了解了以上的参数配置接口,下面进入正题,fail_make_request究竟是如何注入故障的?如何判断是否需要注入?
首先来关注以下通用IO提交流程:submit_bio()->generic_make_request()->generic_make_request_checks():
static noinline_for_stack bool
generic_make_request_checks(struct bio *bio)
{
...
part = bio->bi_bdev->bd_part;
if (should_fail_request(part, bio->bi_iter.bi_size) ||
should_fail_request(&part_to_disk(part)->part0,
bio->bi_iter.bi_size))
goto end_io;
...
}
在IO提交流程的generic_make_request_checks()函数中会调用should_fail_request()函数进行故障注入的判断,如果这里返回true(注入),那IO的提交流程就不会继续下去,上层的generic_make_request()函数会返回cookie为BLK_QC_T_NONE,故障得以注入。
static bool should_fail_request(struct hd_struct *part, unsigned int bytes)
{
return part->make_it_fail && should_fail(&fail_make_request, bytes);
}
判断是否注入故障主要取决于should_fail_request()函数,该函数返回true表示需要注入,返回false表示不注入。入参中第一个参数为磁盘设备hd_struct结构体,第二个参数为本次IO的字节数。这里可以看到hd_struct结构体中的make_it_fail开关的作用了,然后还有一个“与”条件为通用函数should_fail()的返回结果。
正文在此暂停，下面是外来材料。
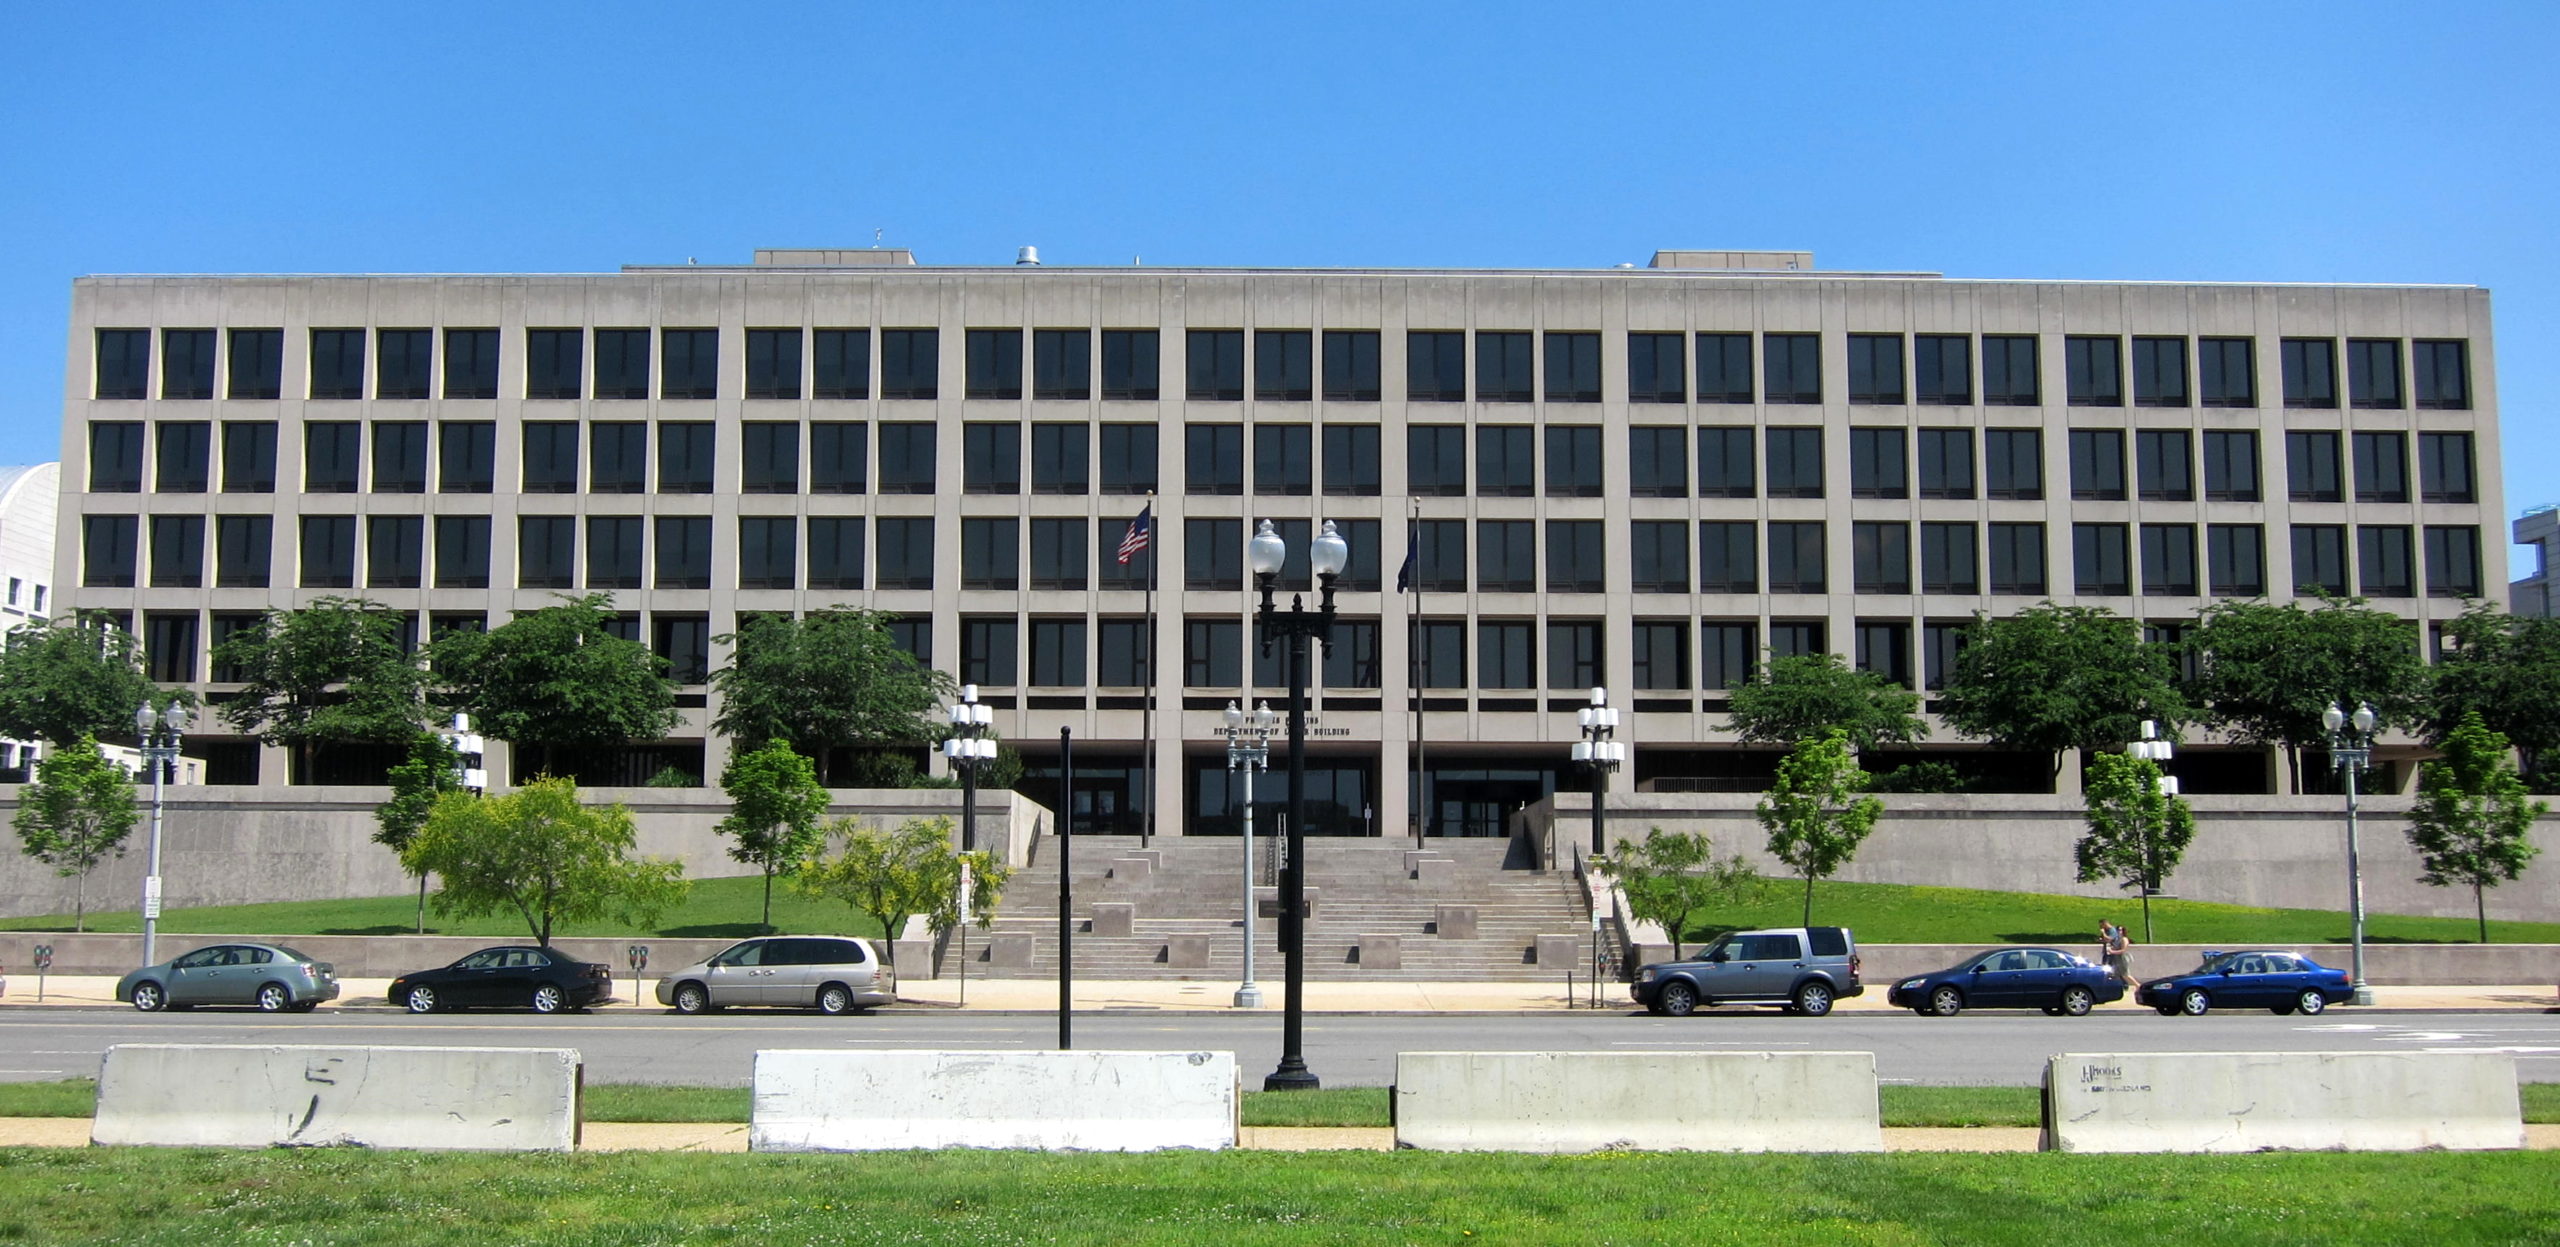 U.S. Department of Labor Frances Perkins Building

should_fail()函数时整个故障注入条件判断的核心,它将根据struce fault_attr结构体中配置的参数进行评估。
/*
* This code is stolen from failmalloc-1.0
* http://www.nongnu.org/failmalloc/
*/
bool should_fail(struct fault_attr *attr, ssize_t size)
{
/* No need to check any other properties if the probability is 0 */
if (attr->probability == 0)
return false;
if (attr->task_filter && !fail_task(attr, current))
return false;
if (atomic_read(&attr->times) == 0)
return false;
if (atomic_read(&attr->space) > size) {
atomic_sub(size, &attr->space);
return false;
}
if (attr->interval > 1) {
attr->count++;
if (attr->count % attr->interval)
return false;
}
if (attr->probability <= prandom_u32() % 100)
return false;
if (!fail_stacktrace(attr))
return false;
fail_dump(attr);
if (atomic_read(&attr->times) != -1)
atomic_dec_not_zero(&attr->times);
return true;
}
EXPORT_SYMBOL_GPL(should_fail);
1)如果设置的probability为0,不注入;
2)如果设置了进程过滤,调用fail_task函数进行判断,如果当前进程的make_it_fail标没有记置位或者在中断上下文中,不注入;
static bool fail_task(struct fault_attr *attr, struct task_struct *task)
{
return !in_interrupt() && task->make_it_fail;
}
3)如果注入次数不足超过上限,不注入;
4)如果预留的size余量大于本次io的字节数,那递减余量,不注入;
5)如果设置的间隔数大于1,则计算调用次数统计,若间隔数未到则不注入;
6)判断注入比率,通过prandom_u32()%100得到一个100以内的随机值,以此实现注入比率;
7)如果配置了CONFIG_FAULT_INJECTION_STACKTRACE_FILTER内核参数,这里会在fail_stacktrace()函数中判断执行流程中调用栈的代码段和配置“[require-start, require-end) ,[reject-start, reject-end)”的对应关系(这个函数中给出了获取调用栈地址的方法,这是一些比较有用的工具函数,值得mark一下):
#ifdef CONFIG_FAULT_INJECTION_STACKTRACE_FILTER
static bool fail_stacktrace(struct fault_attr *attr)
{
struct stack_trace trace;
int depth = attr->stacktrace_depth;
unsigned long entries[MAX_STACK_TRACE_DEPTH];
int n;
bool found = (attr->require_start == 0 && attr->require_end == ULONG_MAX);
if (depth == 0)
return found;
trace.nr_entries = 0;
trace.entries = entries;
trace.max_entries = depth;
trace.skip = 1;
save_stack_trace(&trace);
for (n = 0; n < trace.nr_entries; n++) {
if (attr->reject_start <= entries[n] &&
entries[n] < attr->reject_end)
return false;
if (attr->require_start <= entries[n] &&
entries[n] < attr->require_end)
found = true;
}
return found;
}
#else
static inline bool fail_stacktrace(struct fault_attr *attr)
{
return true;
}
#endif /* CONFIG_FAULT_INJECTION_STACKTRACE_FILTER */
首先为了加速默认条件下的判断,当require_xxx和reject_xxx的值为默认时,直接返回pass(表示可以注入)。若用户设置了非默认值,则调用save_stack_trace函数向上逐级抓取调用栈,栈的深度由attr->stacktrace_depth给出,最大支持深度为32级,每一级调用函数的地址保存在trace.entries这个数组中,接下来就逐函数判断了,现判断[reject_start, reject_end),再判断[require-start, require-end) 。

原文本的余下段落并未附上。